Distributed Memory - DM
This model is analogous to CBOW model in Word2vec. The paragraph vectors are obtained by training a neural network on the task of inferring a center word based on context words and a context paragraph. Mikolove & Al. have implemented DM model in two different ways, using average calculation process, or concatenating calculation method. (DMC and DMM)
Distributed Bag of Words - DBOW
This model is analogous to Skip-gram model in Word2Vec. The paragraph vectors are obtained by training a neural network on the task of predicting a probability distribution of words in a paragraph given a randomly-sampled word from the paragraph.
In our tutorial, in order to bet the vectors of each row, we will implement and compare using a Python library Gensim, the models below:
- Word2vec
- DBOW (Distributed Bag of Words)
- DMC (Distributed Memory Concatenated)
- DMM (Distributed Memory Mean)
- DBOW + DMC
- DBOW + DMM
Those representations take our dataset as input and produce the word vectors as output. They first construct a vocabulary from the training text data and then learn vector representation of words. The resulting vectors can be used as features in the next step for sentiment analysis where we use simple Neural Network for training and evaluated the result on the validation set.
Let's begin :)
Firstly we load the cleaned data (see the previous part here), then split our data into training and validation set.
import os
import sys
import gensim
import pandas as pd
from gensim.models.doc2vec import LabeledSentence
csv = '~/clean_data.csv'
data = pd.read_csv(csv,index_col=0)
data.head()
from sklearn.cross_validation import train_test_split
SEED = 2000
x_train, x_validation, y_train, y_validation = train_test_split(data.SentimentText, data.Sentiment, test_size=.2, random_state=SEED)
Next, we can label each text with unique ID using Gensim’s LabeledSentence function as shown below, and then concatenate the training and validation set for word representation, that's because word2vec and doc2vec training are completely unsupervised and thus there is no need to hold out any data, as it is unlabelled.
def labelize_text(text,label):
result = []
prefix = label
for i, t in zip(text.index, text):
result.append(LabeledSentence(t.split(), [prefix + '_%s' % i]))
return result
all_x = pd.concat([x_train,x_validation])
all_x_w2v = labelize_text(all_x, 'ALL')
x_train = labelize_text(x_train, 'TRAIN')
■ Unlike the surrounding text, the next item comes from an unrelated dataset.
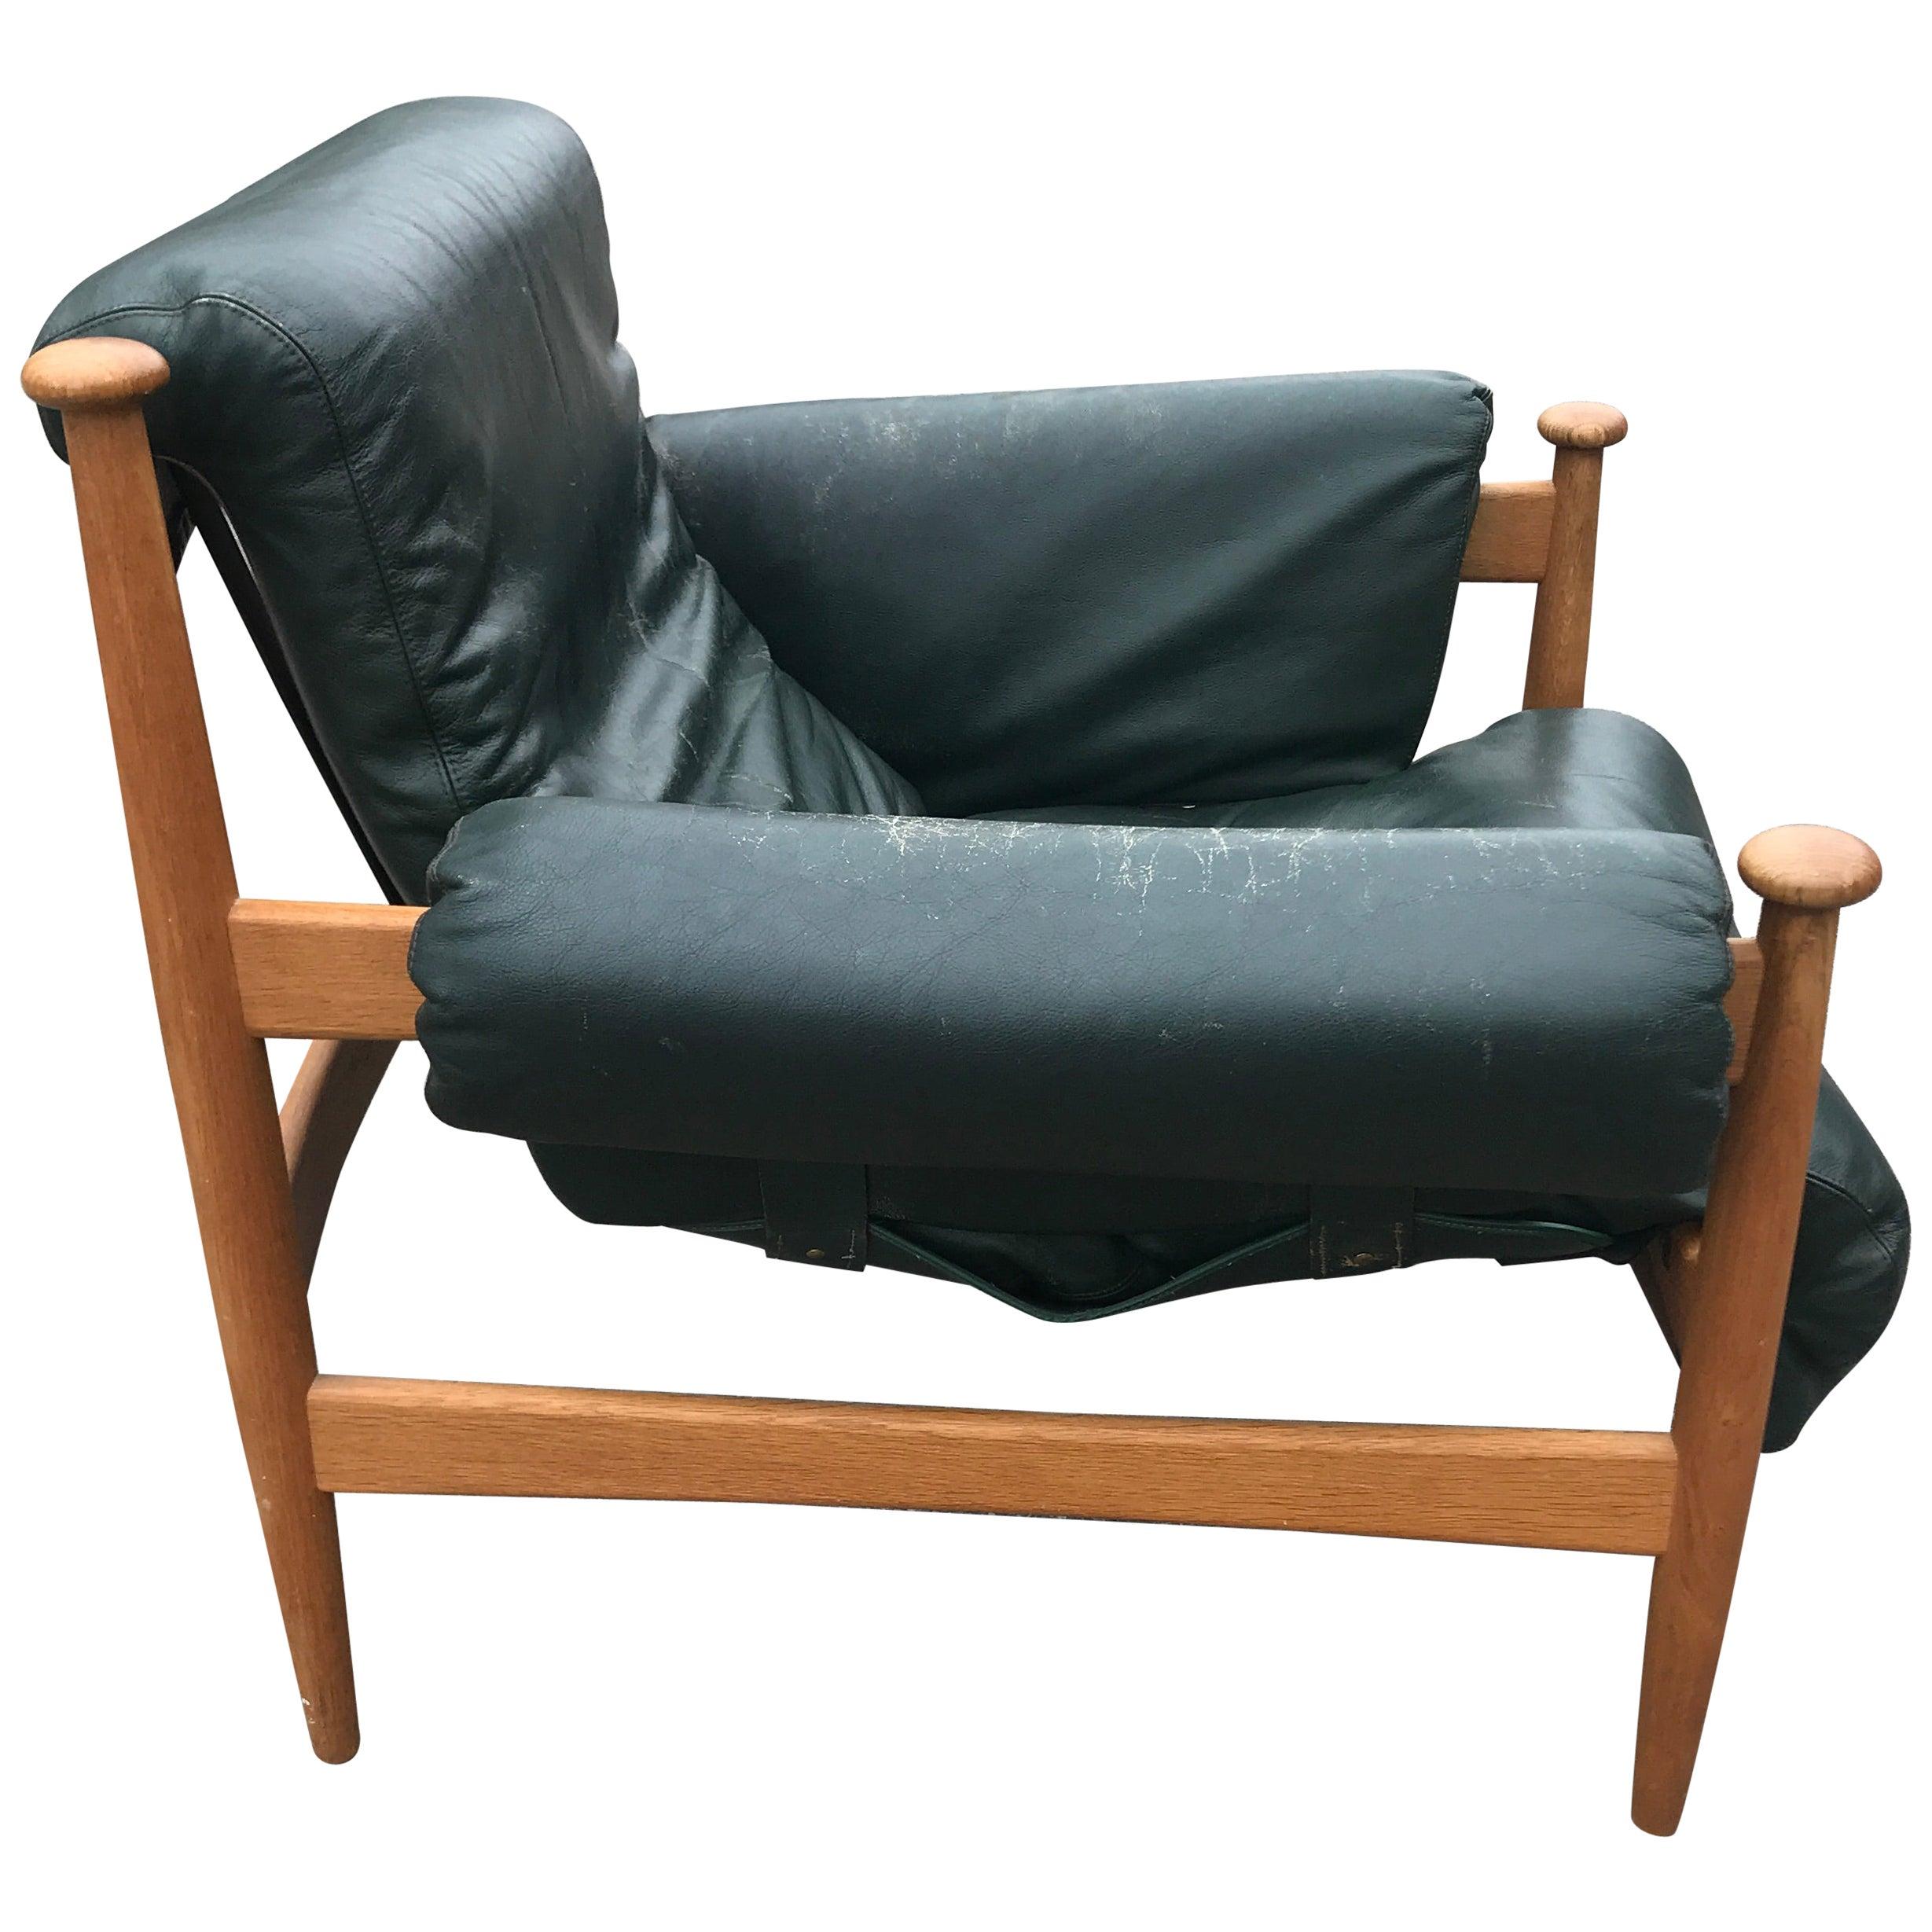 IRE Möbler Eric Merthen `Admiral` Midcentury Green Leather Lounge Chair, 1960s

x_validation = labelize_text(x_validation, 'TEST')
Now let's train our first model word2vec from our corpus, we put the size the output vector to 200.
from gensim.models.word2vec import Word2Vec
from tqdm import tqdm
from sklearn import utils
import numpy as np
model_w2v = Word2Vec(size=200, min_count=10)
model_w2v.build_vocab([x.words for x in tqdm(all_x_w2v)])
model_w2v.train([x.words for x in tqdm(all_x_w2v)], total_examples=len(all_x_w2v), epochs=1)
After training our model, we can use it now to convert words to vectors like the example below.
model_w2v['good']
We can use the result of the training to extract the similarities of a given word as well.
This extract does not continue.